= Dotsam Stable =

Dotsam Stable was an American Thoroughbred racing stable owned by New York City businessman Sam Rubin and his wife Dorothy.

Sam Rubin (February 23, 1914- February 13, 2006) was a successful bicycle importer and a fan of Thoroughbred horse racing. In 1978 he and wife Dorothy paid $25,000 sight unseen for a then three-year-old gelding named John Henry. The temperamental horse had previously had three different owners, none of whom had achieved any success with him on the racetrack.

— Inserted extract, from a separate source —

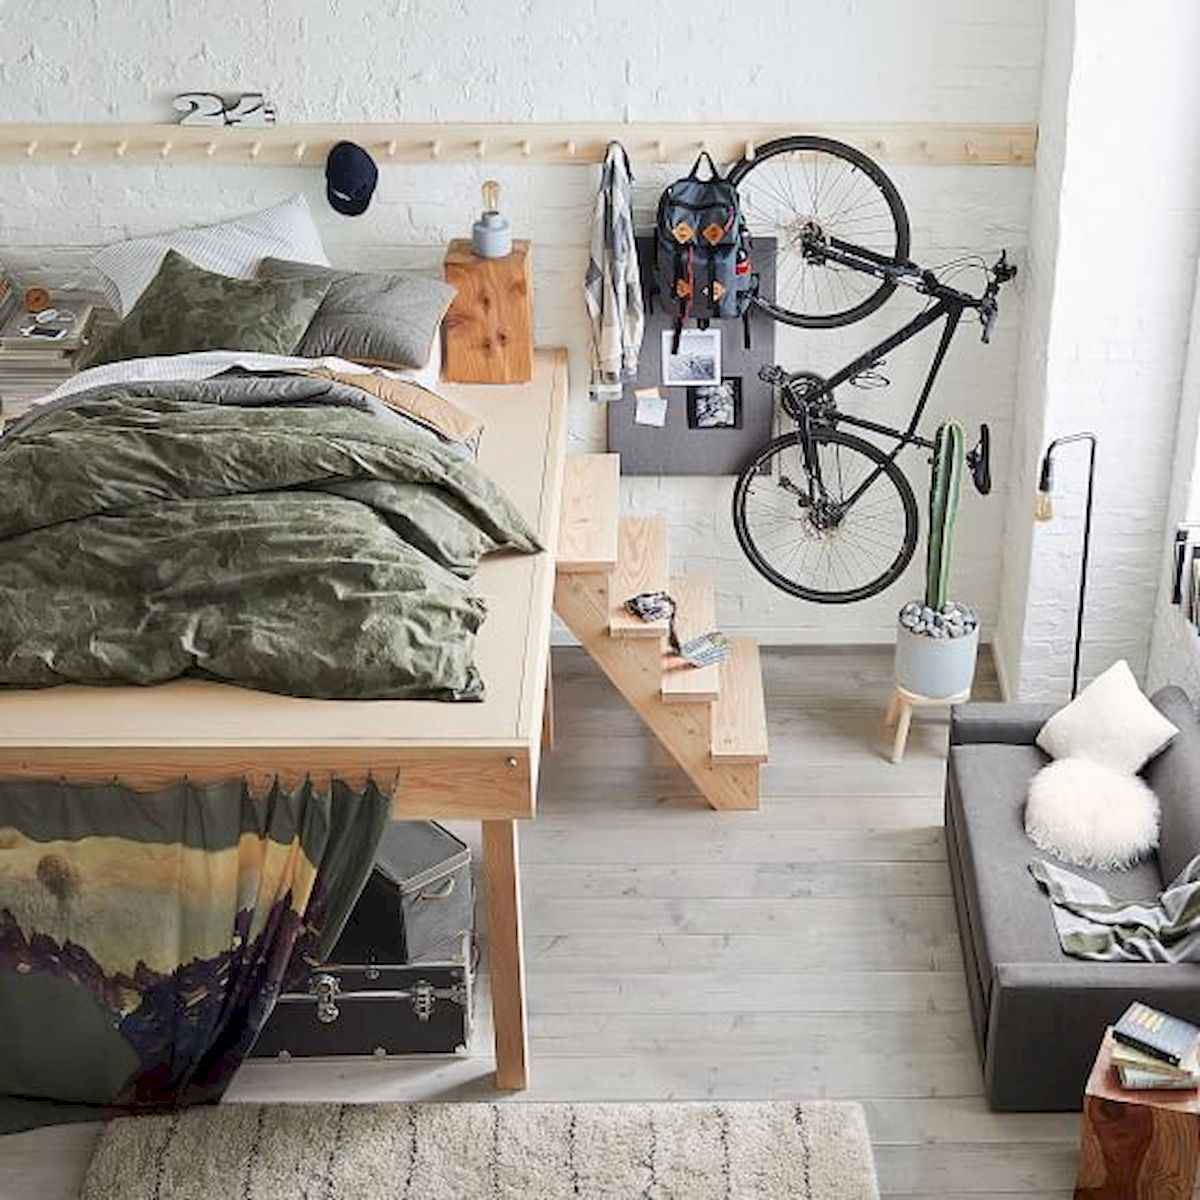 80 Fantastic Small Apartment Bedroom College Design Ideas and Decor (12)

Racing under the Rubin's nom de course Dotsam Stable, John Henry became one of the most successful Thoroughbreds in American flat racing history. He won seven Eclipse Awards including two for American Horse of the Year, retired with career earnings of $6,591,860, and was inducted in the U.S. Racing Hall of Fame in 1990.

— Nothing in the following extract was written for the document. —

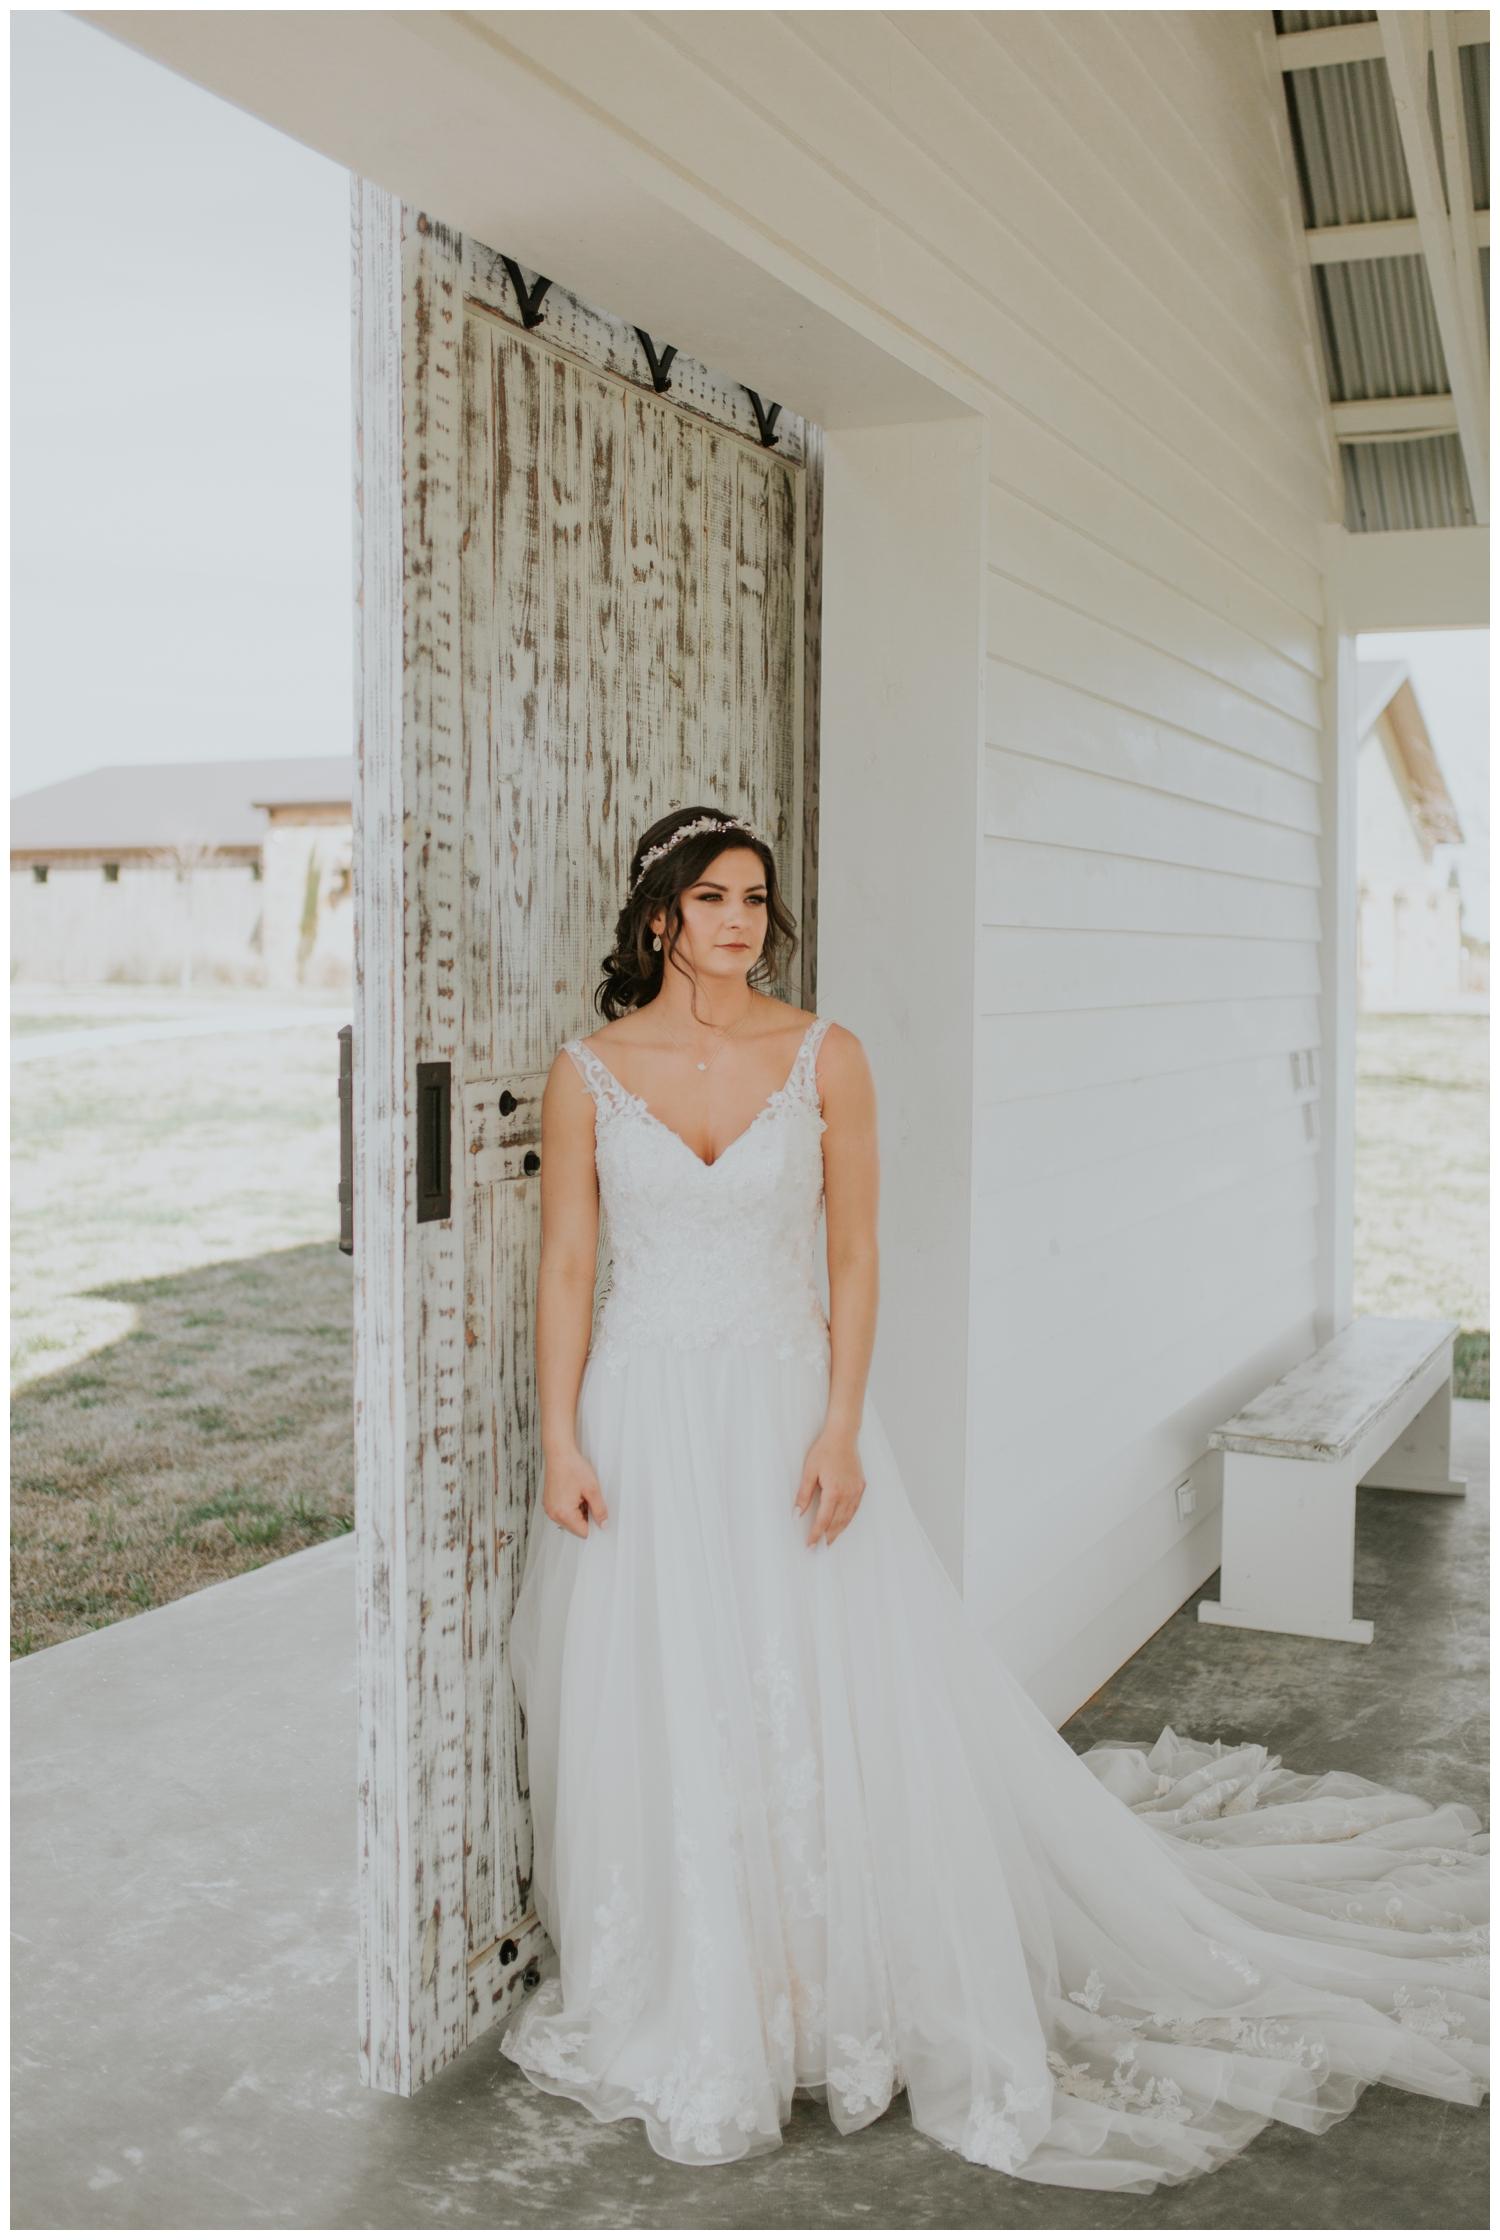 Ashlee+Mike, Featherstone Ranch Spring Wedding, San Antonio, Contista Productions Wedding Photography_0001.jpg

In 1981, the New York Turf Writers Association honored Sam Rubin as the "Person Who Did Most for Racing" and as racing's "Outstanding Owner." That same year, Dotsam Stable was voted the Eclipse Award for Outstanding Owner.

John Henry was retired to the Kentucky Horse Park in Lexington, Kentucky and the Rubins have donated his trophies to the horse park.

Sam Rubin died in 2006 in Palm Beach, Florida, ten days short of his ninety-second birthday.